Début novembre, l’Autorité de la protection des données italienne Garante Privacy a donné vingt jours à Intesa Sanpaolo pour informer ses clients de la violation de données dont s’est rendu responsable un salarié de l’une de ses succursales.
Mi-octobre, l’établissement bancaire transalpin s’était fendu d’un communiqué pour s’excuser après que l’un de ses employés, travaillant dans l’une de ses succursales à Bisceglie, dans la région des Pouilles, a accédé illégalement aux comptes bancaires d’environ 3 500 personnes en récupérant leurs données à plus de 6 600 reprises, de février 2022 à avril 2024. L’affaire a fait grand bruit en raison de l’identité des clients concernés, parmi lesquels la Première ministre Giorgia Meloni, sa sœur Arianna, de même que de nombreuses autres personnalités politiques italiennes de premier plan et des figures du monde du sport et du spectacle.

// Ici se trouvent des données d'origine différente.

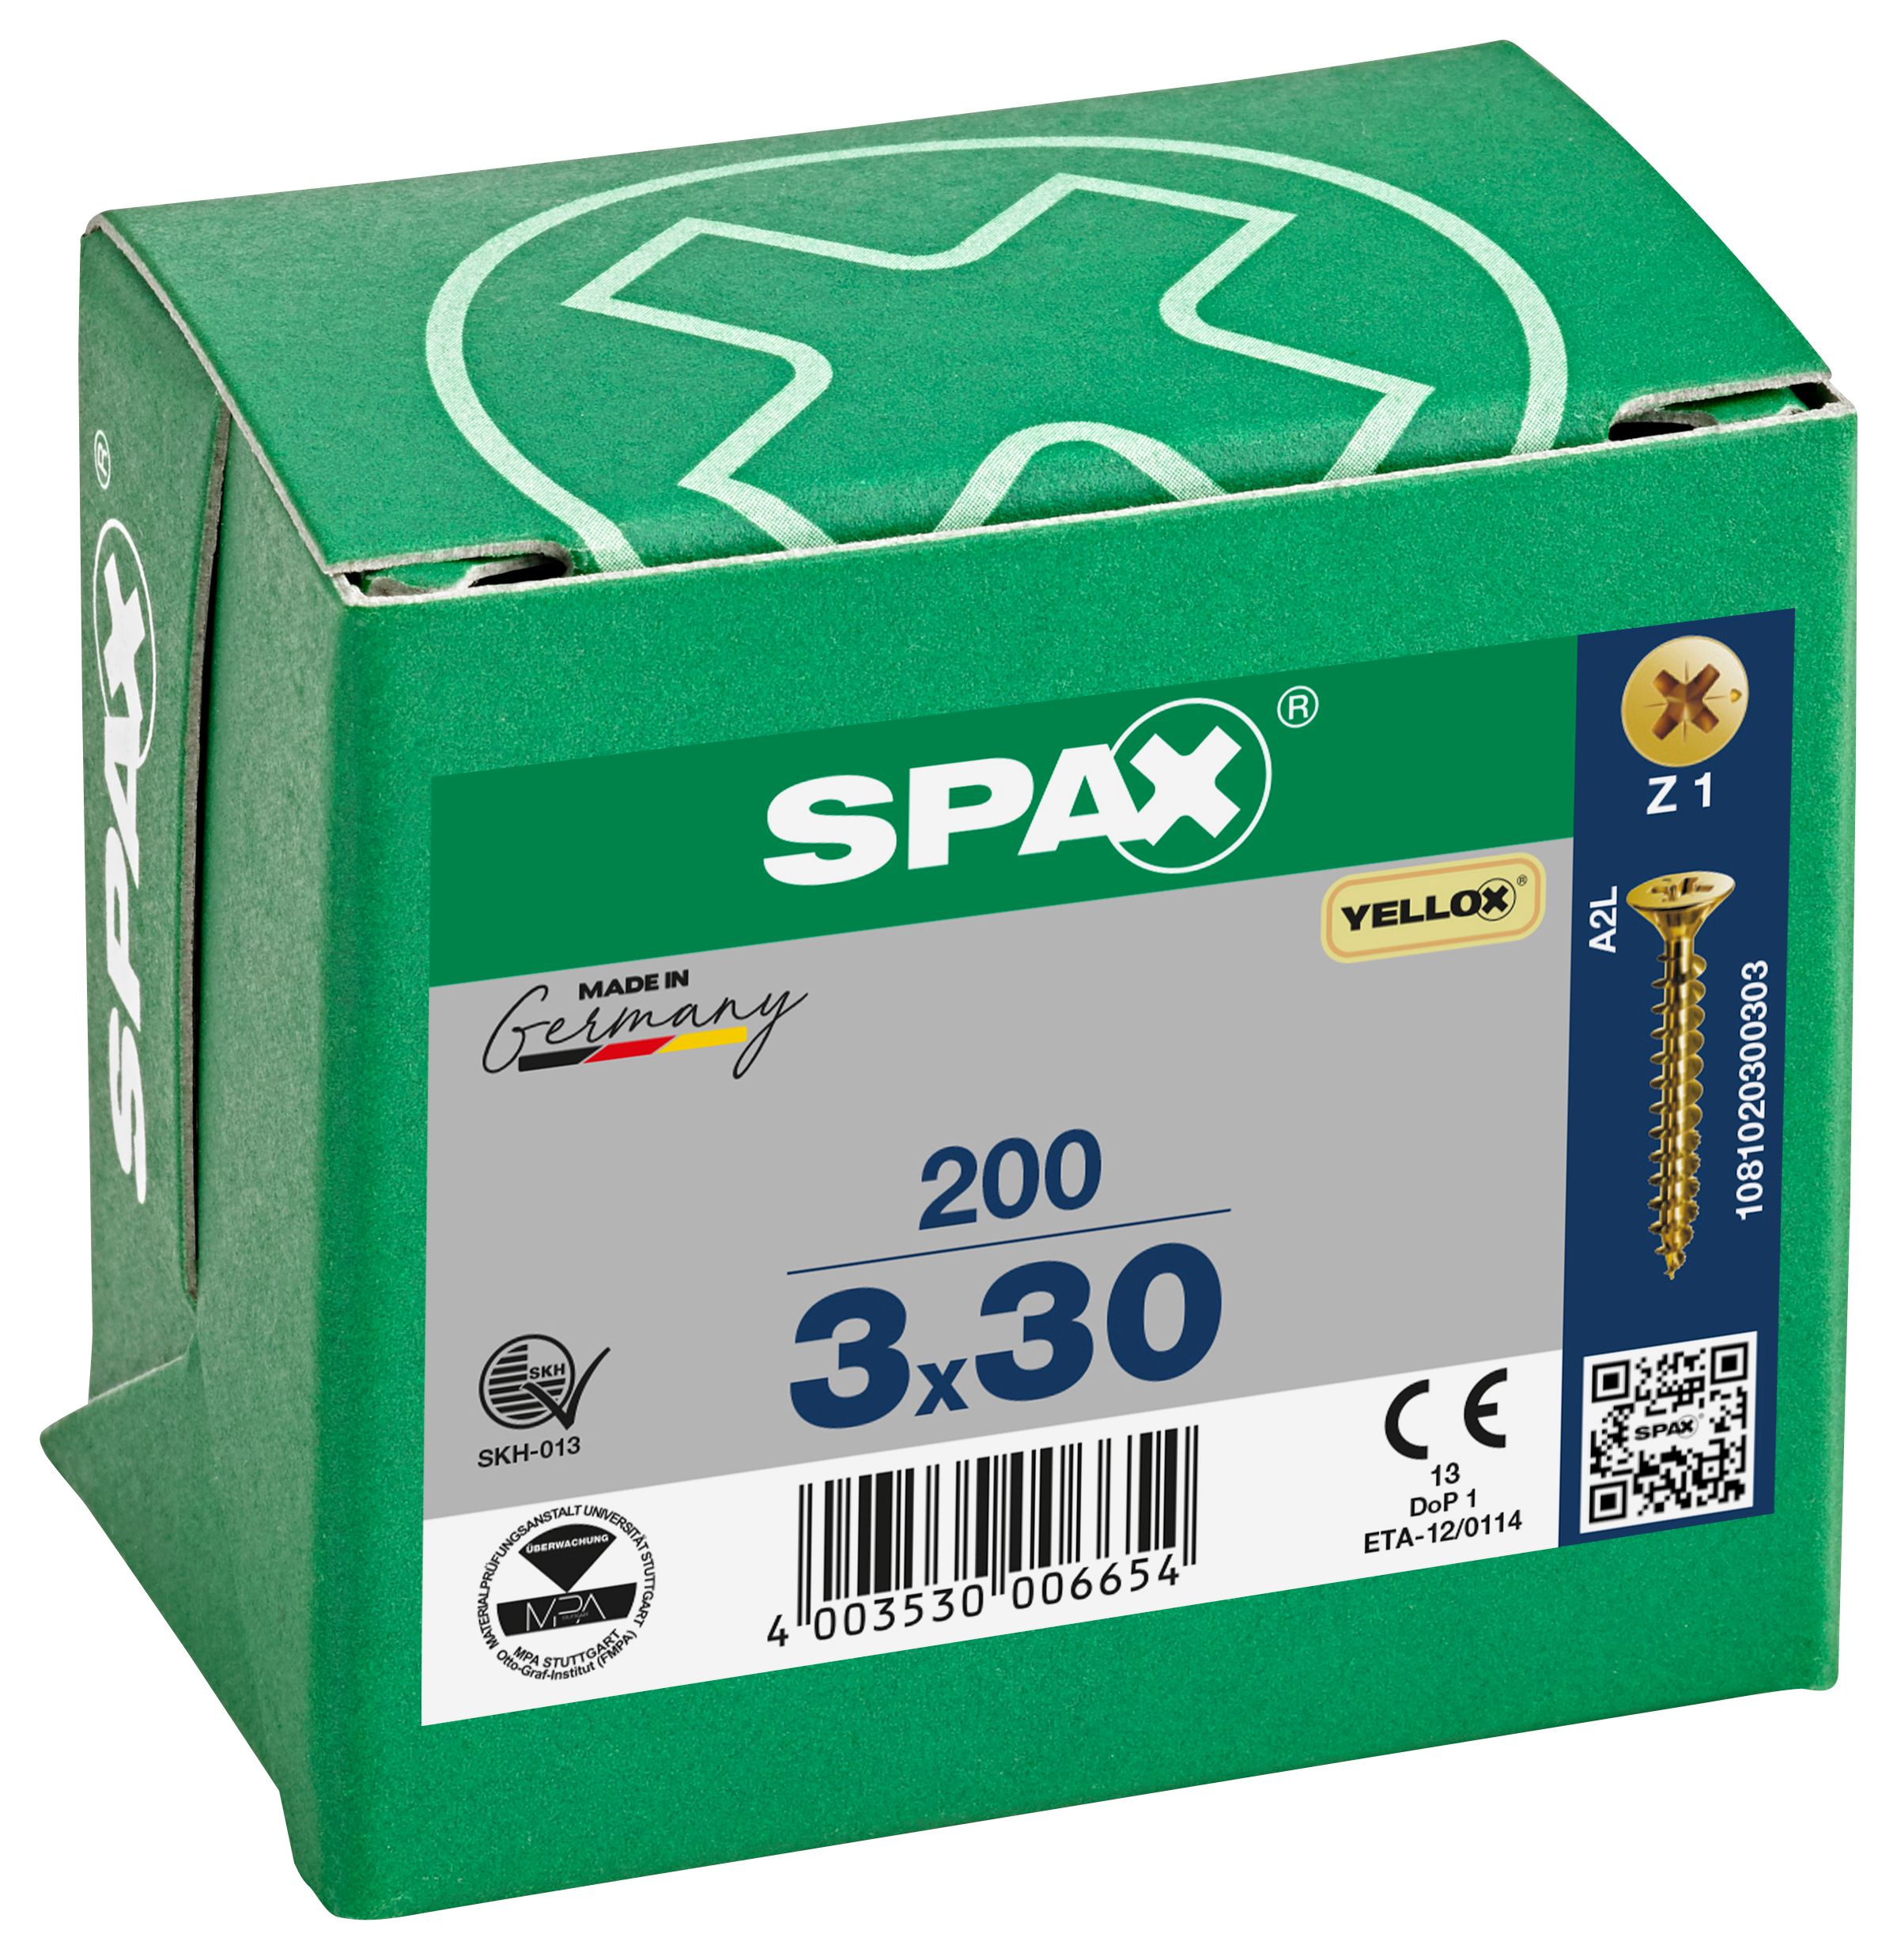 Image of Spax Pz Countersunk Yellox Screws - 3x30mm Pack Of 200

Contrairement à l’évaluation d’Intesa Sanpaolo, l’Autorité a considéré que « la violation de données à caractère personnel présente un risque élevé pour les droits et libertés des personnes concernées, compte tenu de la nature de la violation, des catégories de données traitées, de la gravité de la violation et des conséquences qui pourraient en découler (par exemple, divulgation d’informations concernant la situation financière, atteinte à la réputation) ». Il a également été ordonné à la banque d’envoyer à l’Autorité, dans un délai de trente jours, « une réponse dûment documentée sur les initiatives prises pour mettre pleinement en œuvre les exigences ».